◆ **Exercise objective**:
Once the pictures are set aside, transcribe the remaining data exactly.

◆ **Collected data**:

++++++++

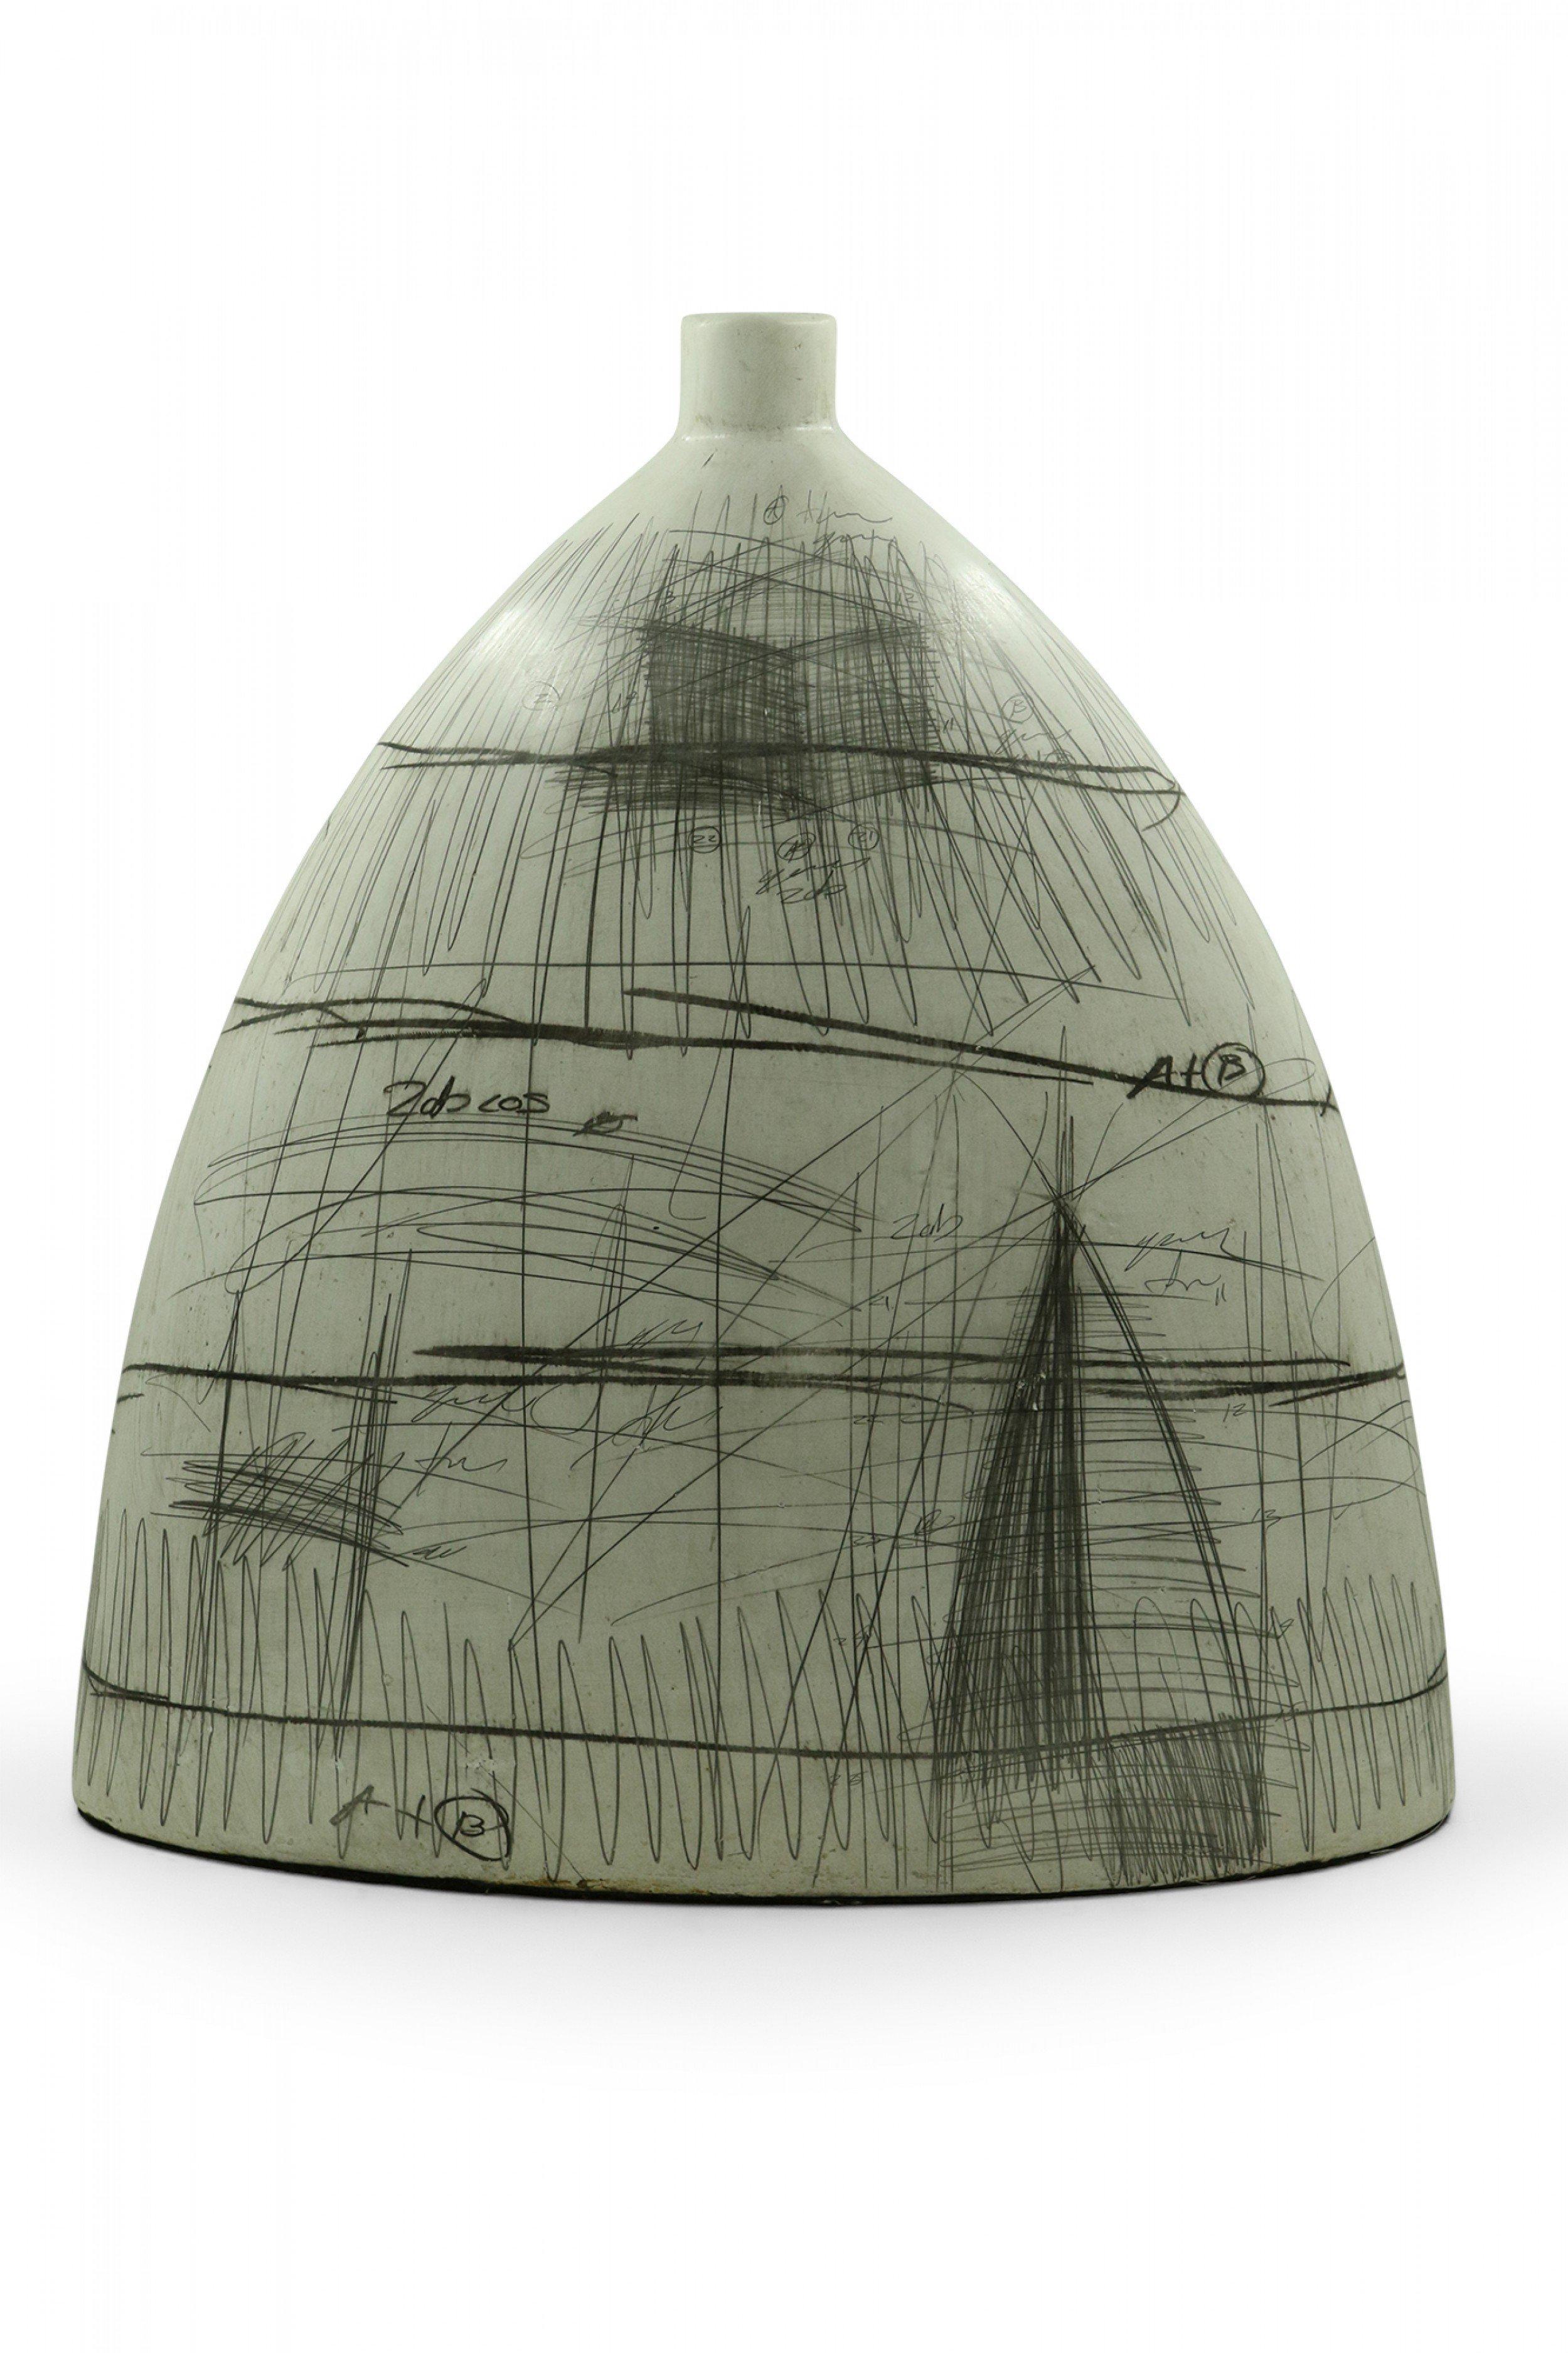 American Yuri Zatarain Contemporary Beige Charcoal Equation and Diagram Design Vase For Sale
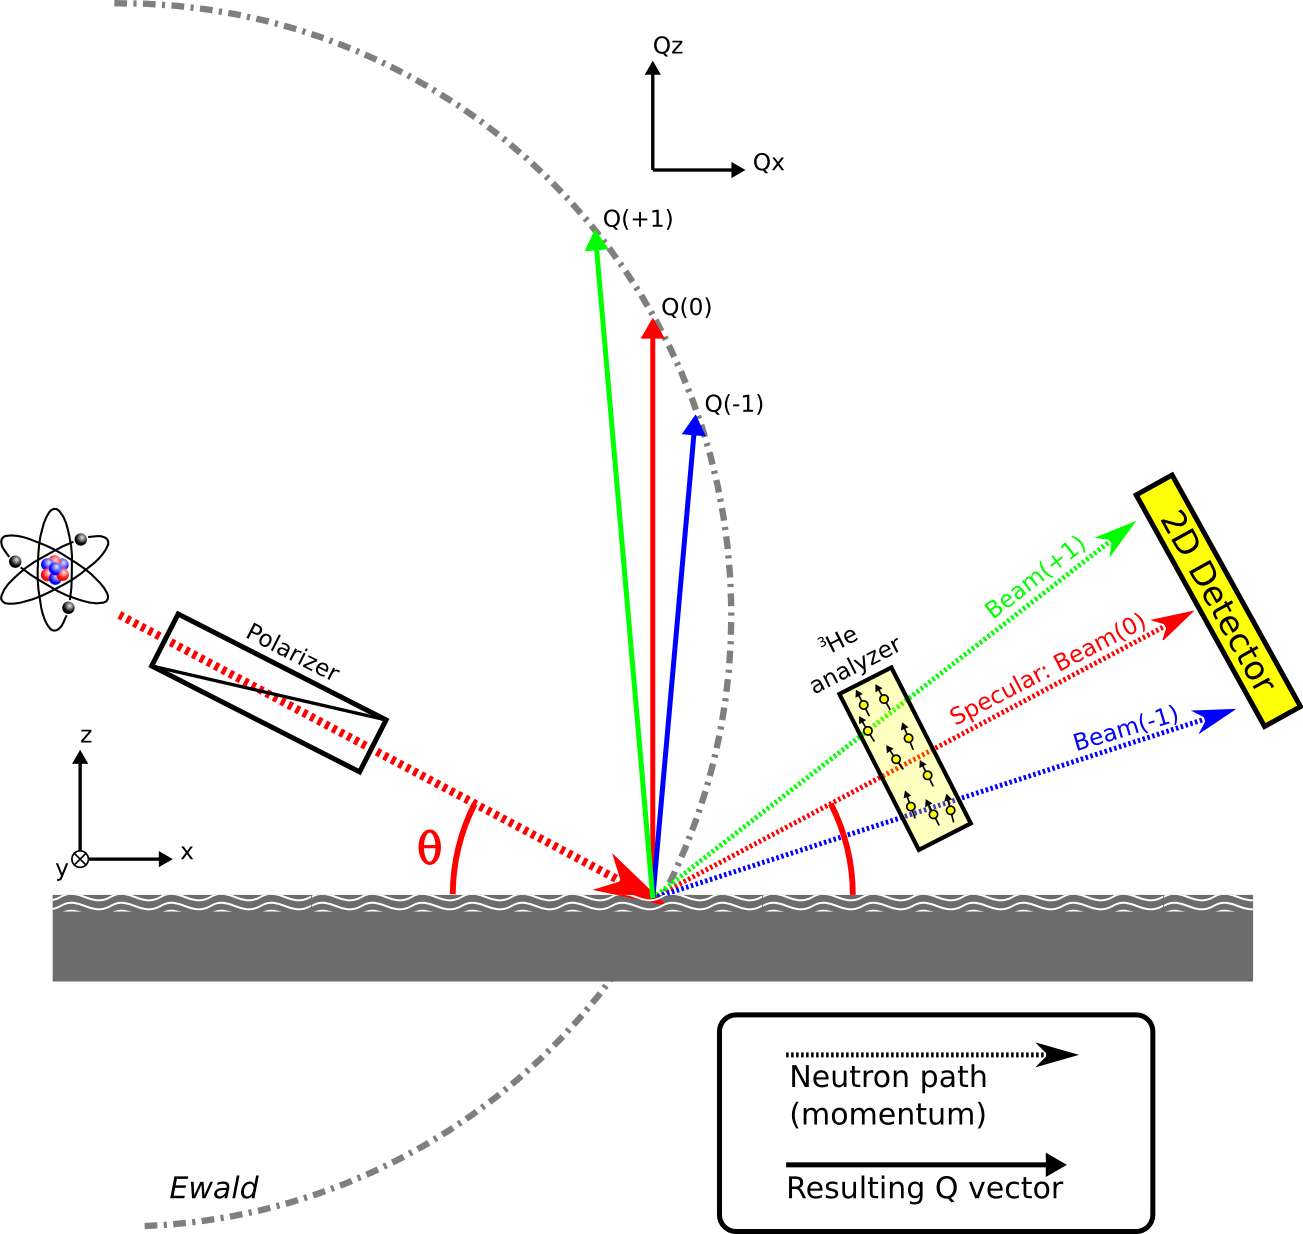 small angle neutron scattering resolution calculator
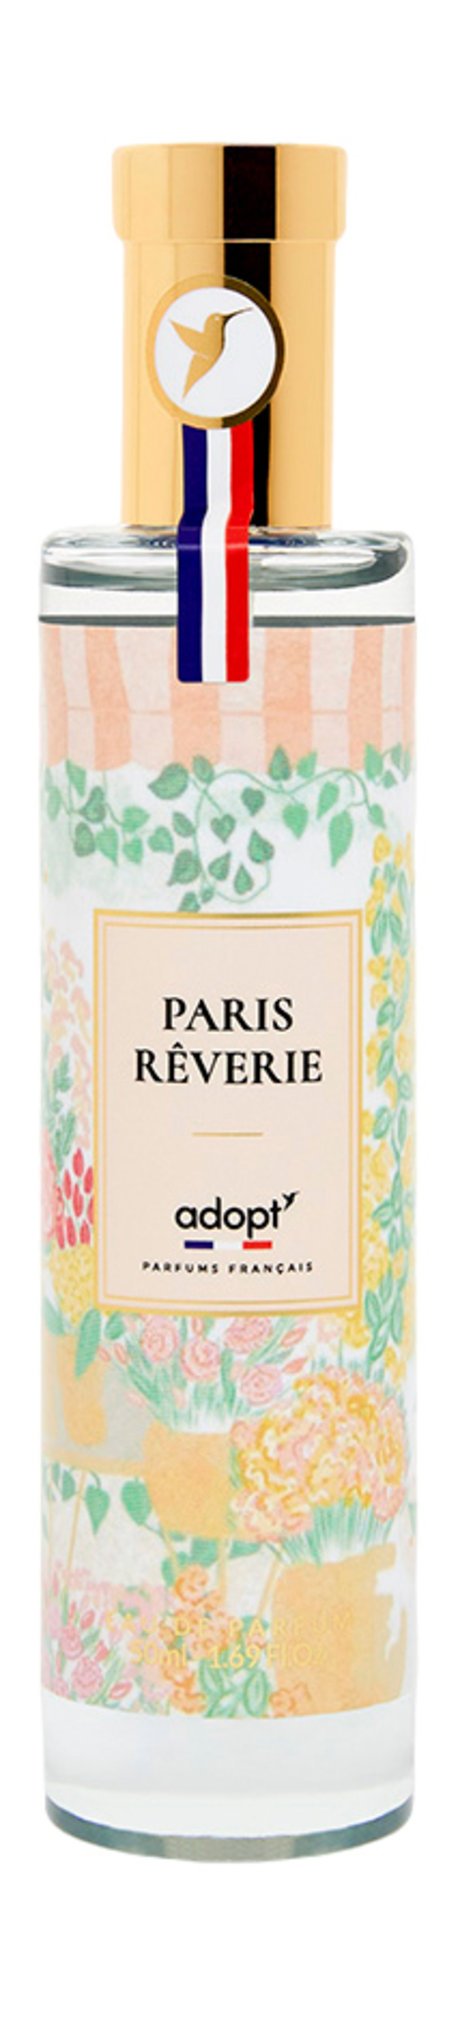 Adopt Paris Reverie Eau De Parfum
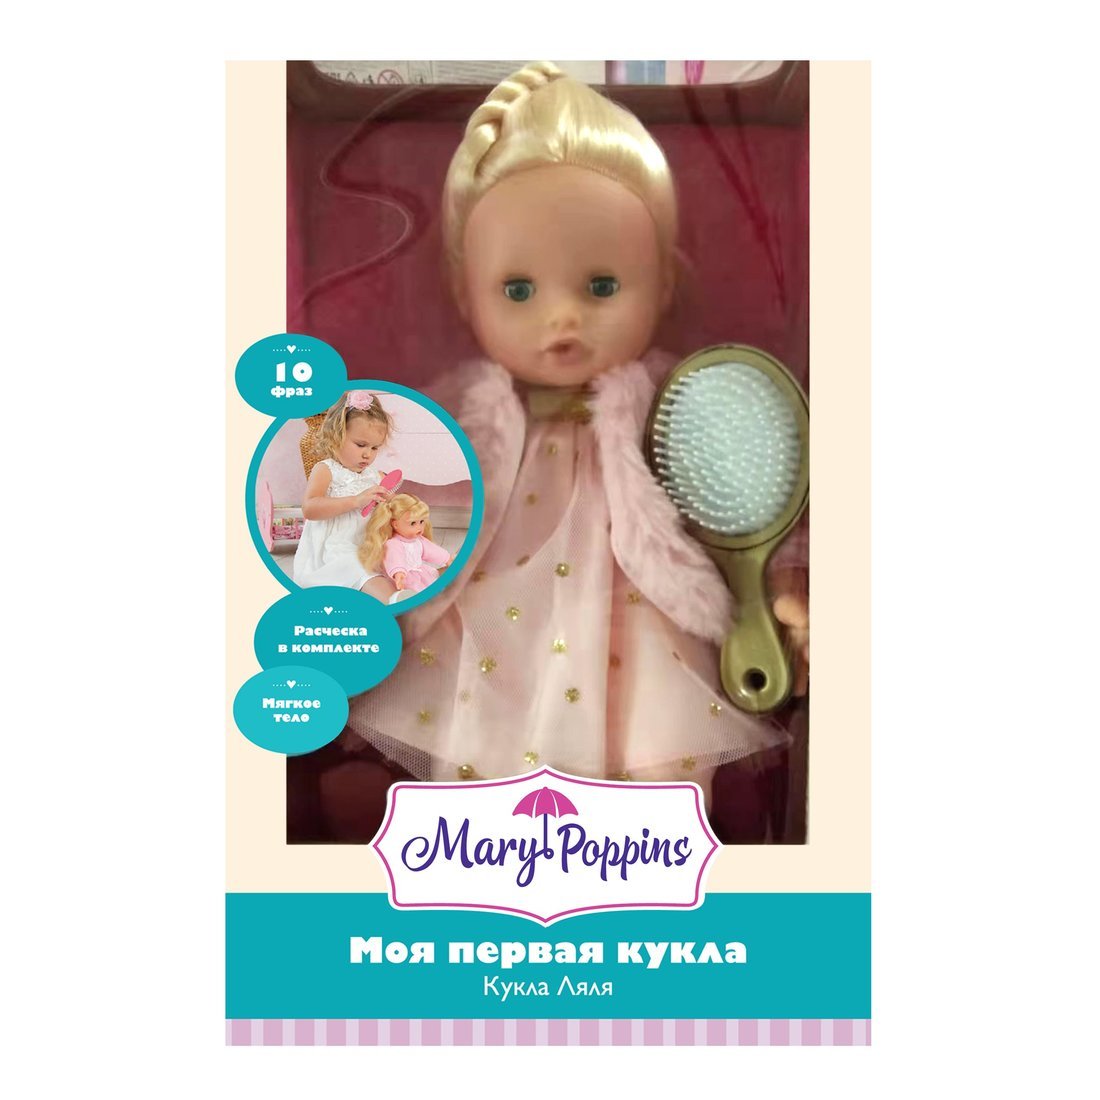 Кукла Ляля "Моя первая кукла" м/н  30см, коллекция New Mary.

++++++++

◆ **Written solution**:
 American Yuri Zatarain Contemporary Beige Charcoal Equation and Diagram Design Vase For Sale
 small angle neutron scattering resolution calculator
 Adopt Paris Reverie Eau De Parfum
 Кукла Ляля "Моя первая кукла" м/н  30см, коллекция New Mary.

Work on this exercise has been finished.